**Input**.
•••

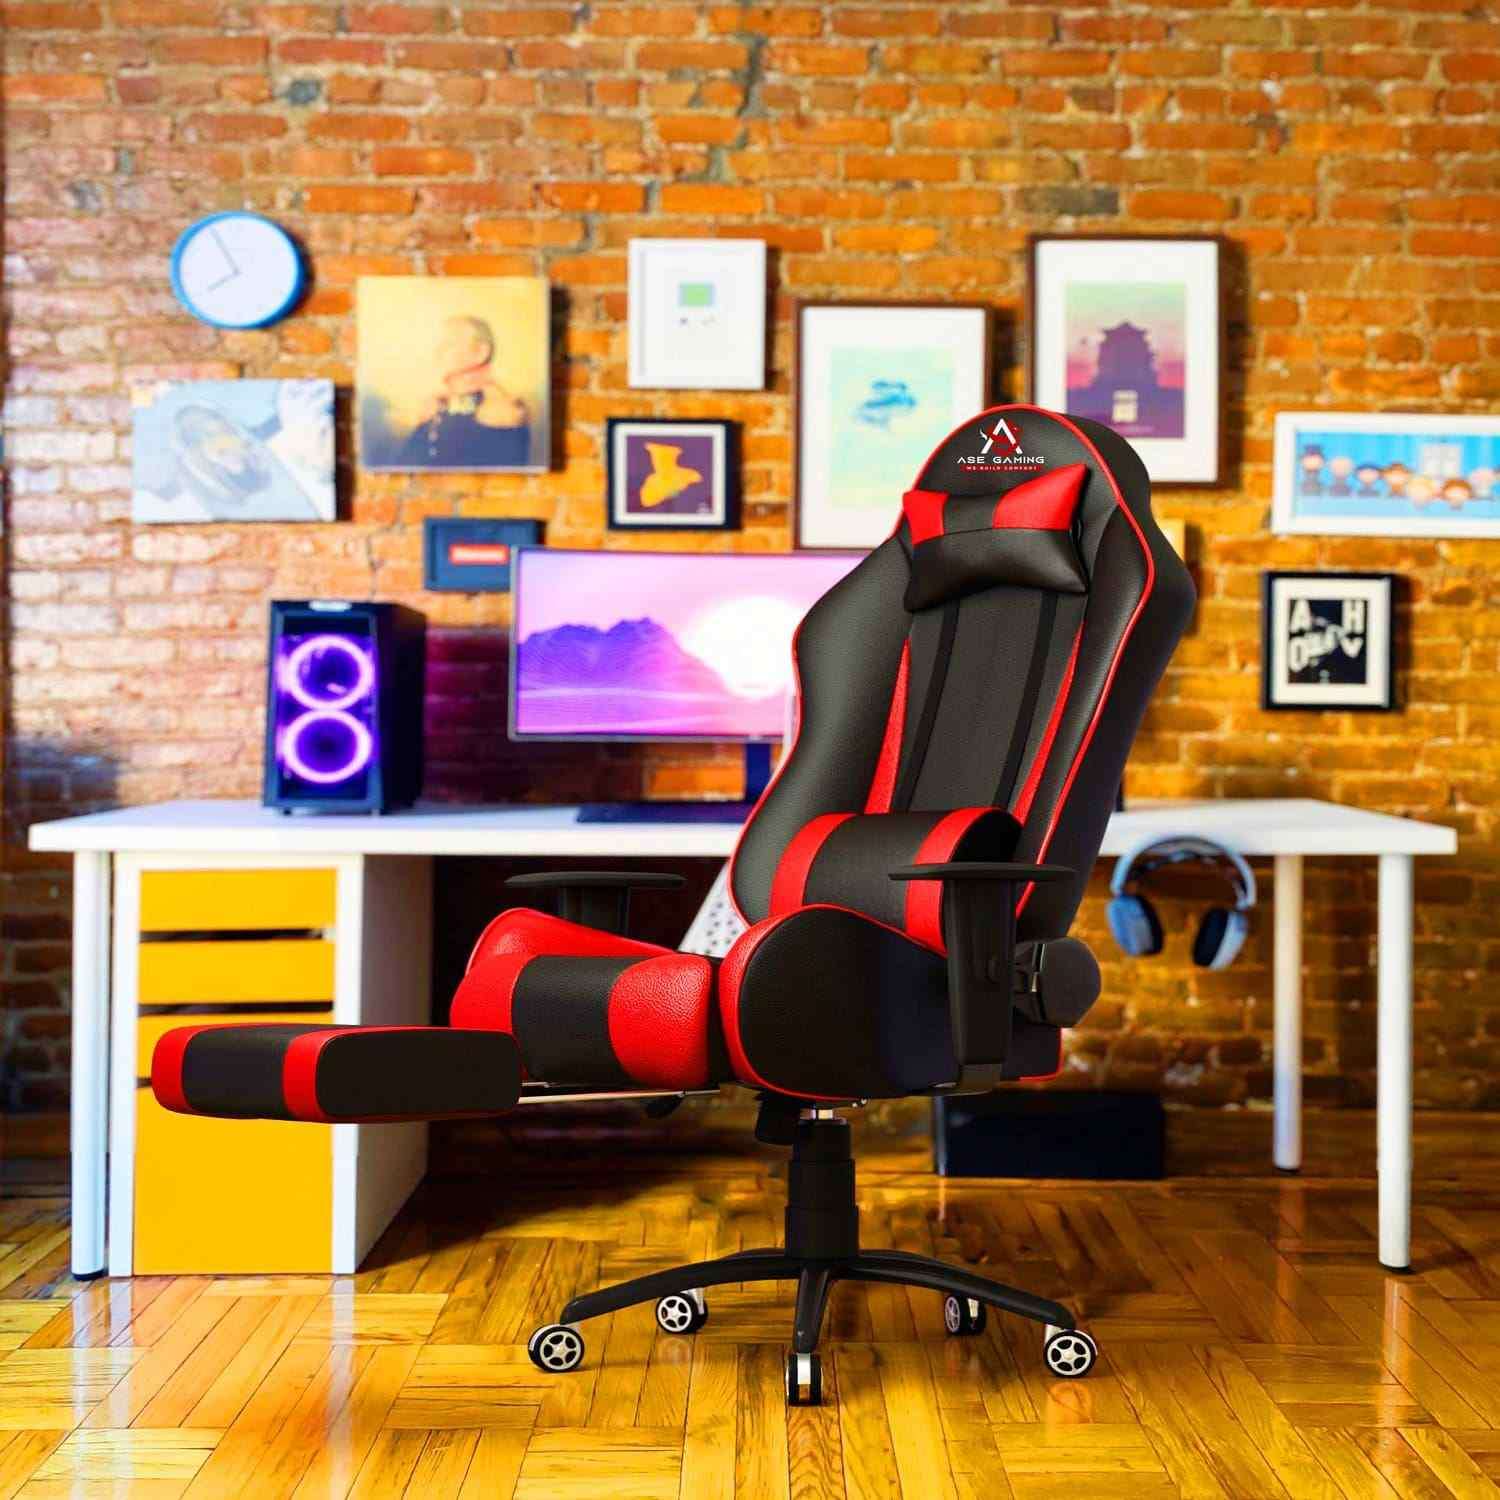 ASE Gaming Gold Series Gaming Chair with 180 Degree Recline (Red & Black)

•••

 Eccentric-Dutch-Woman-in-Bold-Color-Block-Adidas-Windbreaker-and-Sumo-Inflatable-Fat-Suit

•••

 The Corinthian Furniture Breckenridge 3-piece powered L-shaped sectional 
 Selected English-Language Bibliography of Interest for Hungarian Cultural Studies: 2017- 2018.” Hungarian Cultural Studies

•••

**Exercise**. Taking the records above, retype every line from the one with "The Corinthian Furniture" down to the one with "Selected English-Language Bibliography", exactly and with nothing else.

**Solution for this exercise**.
 The Corinthian Furniture Breckenridge 3-piece powered L-shaped sectional 
 Selected English-Language Bibliography of Interest for Hungarian Cultural Studies: 2017- 2018.” Hungarian Cultural Studies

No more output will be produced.